Biosimilars are not generic versions of originator biologics, but they can be affordable alternatives that work similarly to achieve similar outcomes. For patients who have not begun an originator biologic, biosimilars may be a useful lower cost alternative for physicians to prescribe. However, if the costs of biosimilars are close to the cost or the originator biologic, then the Canadian Association of Gastroenterology recommends that gastroenterologists prescribe the originator, because these have been in use for a longer period. Only a physician, in consultation with the patient, should switch a patient from an originator biologic to a biosimilar, and only if it does not adversely affect patients’ health.
Questions to ask your healthcare provider about biosimilars
Are you considering talking to your healthcare provider about biosimilars or has your healthcare provider talked to you already about biosimilars? As patient organizations, we have put together some questions that might be helpful to be part of a conversation with your healthcare provider about biosimilars and originator biologics.
- Will the biosimilar provide me with similar benefits and risks as my current biologic (if you are currently on one)? If not, what might be different? How would I know if I have an adverse reaction (to a biosimilar or biologic)?
- Can I go back to the original medication I was on if the biosimilar does not work as well for me, or if I experience different side effects?
- What is the name of the biosimilar(s) that could be taken instead of the originator biologic? (Note that medications have two names – one the manufacturer gives it, which is also called the brand name, and one that is its non-proprietary or chemical/molecule name.)
- How will I take the biosimilar?

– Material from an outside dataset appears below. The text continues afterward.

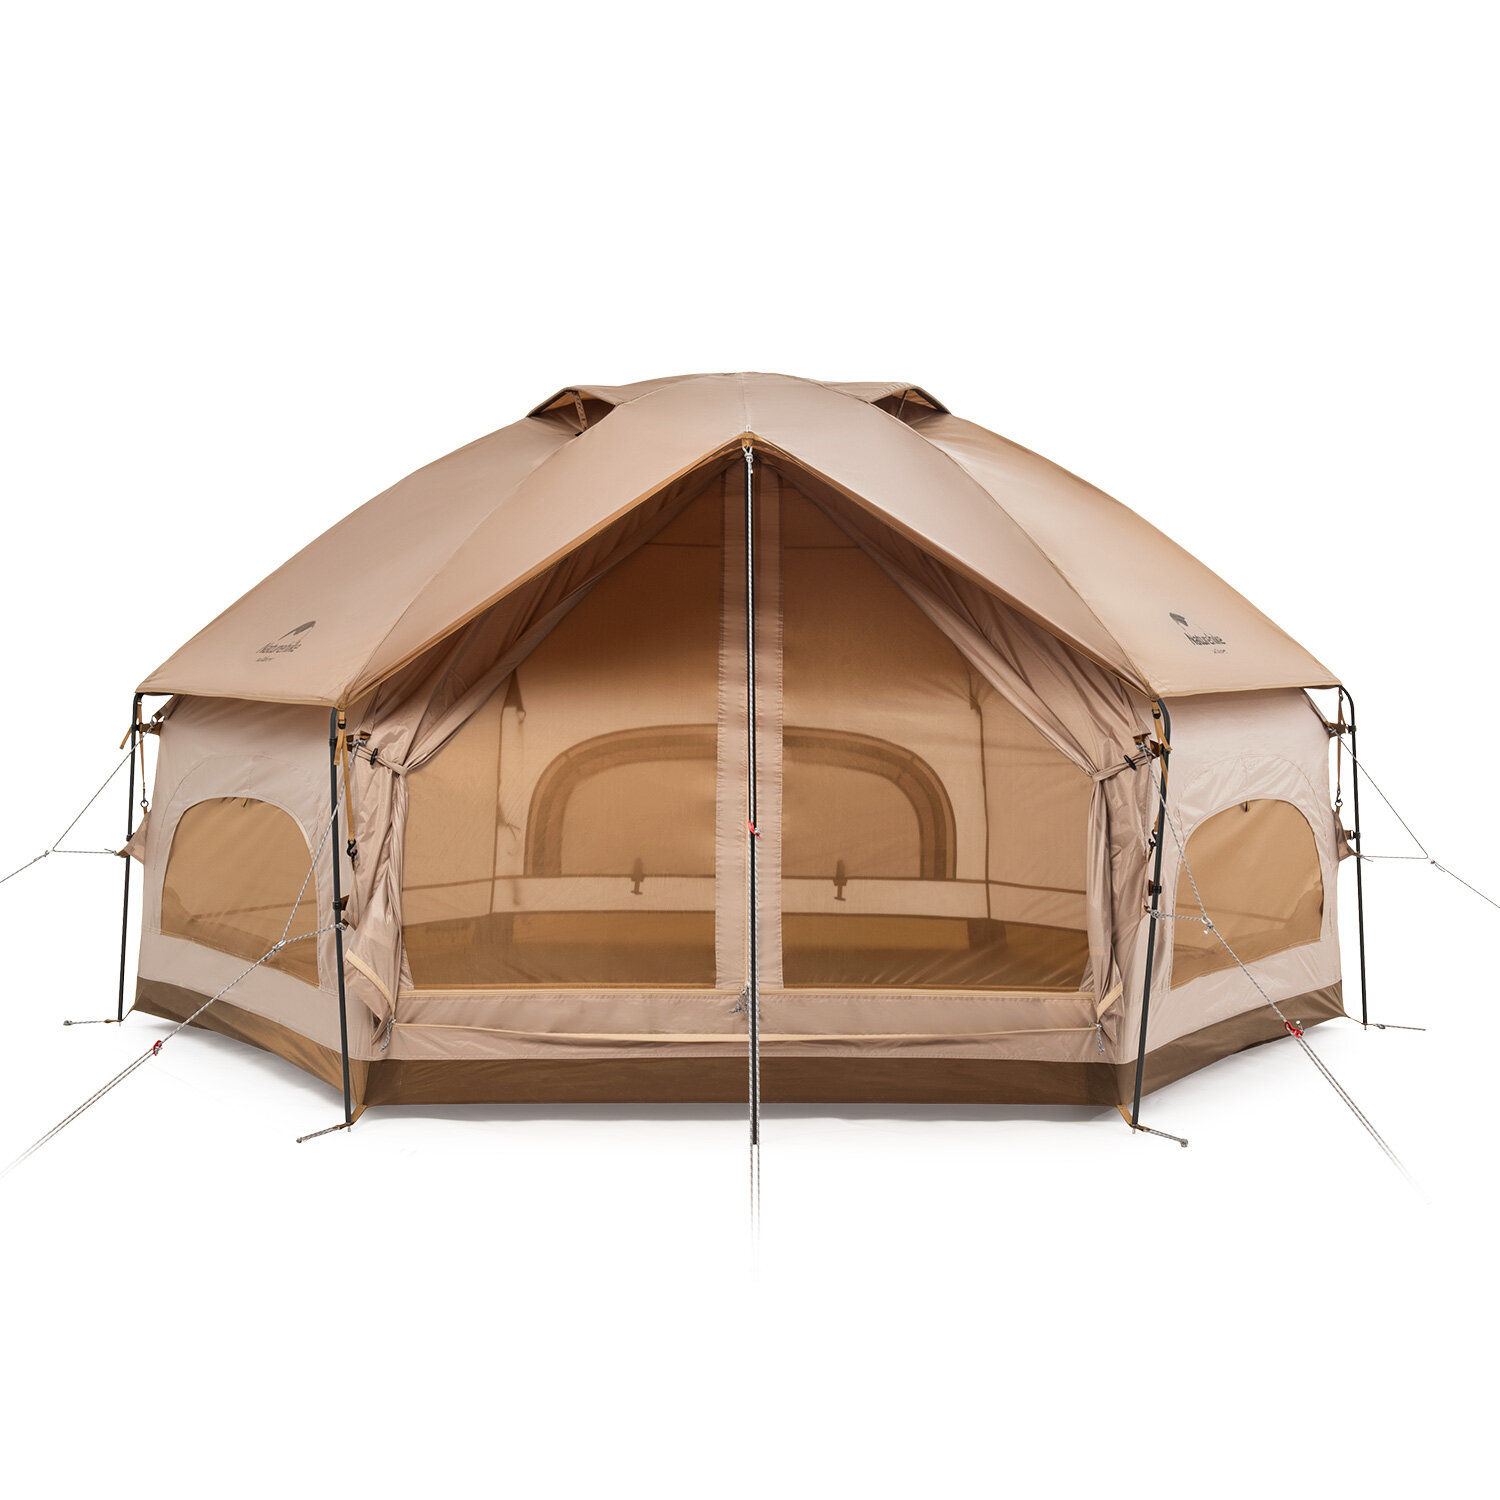 Tenda de acampamento hexagonal Naturehike em poliéster 210T com liga de alumínio à prova d'água e respirável para camping e viagens ao ar livre.

If I take it by infusion, will I need to go to a different infusion centre from where I go now? (You should note if the infusion centre is easier to get to or more difficult to get to than your current centre, and if its hours of operation align with your schedule.)
- What is the dosing schedule – will it be the same as my current biologic?
- If I administer the biosimilar myself, are there any different special storage requirements? Will I receive everything I need to administer the biosimilar?
- Is the patient support program different from the one I am currently using?
- Will I be able to get the biosimilar at the same pharmacy? (You should have the option to identify your preferred pharmacy.)
- Is there a cost difference between the originator biologic and its biosimilar(s)? What will the biosimilar cost me? What does my private drug plan cover and is there an annual or lifetime maximum drug coverage? Does my physician need to complete any forms for me to receive the originator biologic if it is covered?
When your healthcare provider starts a conversation with you about biosimilars, you may also choose to ask these additional questions along with those listed above:
- Why are you recommending this biosimilar for me?
- What if I don’t want to change my medication to a biosimilar?
- What are the consequences or options?
- What is the cost to me if I choose to stay on the originator biologic?
- Does my private healthcare plan cover any part of the originator biologic?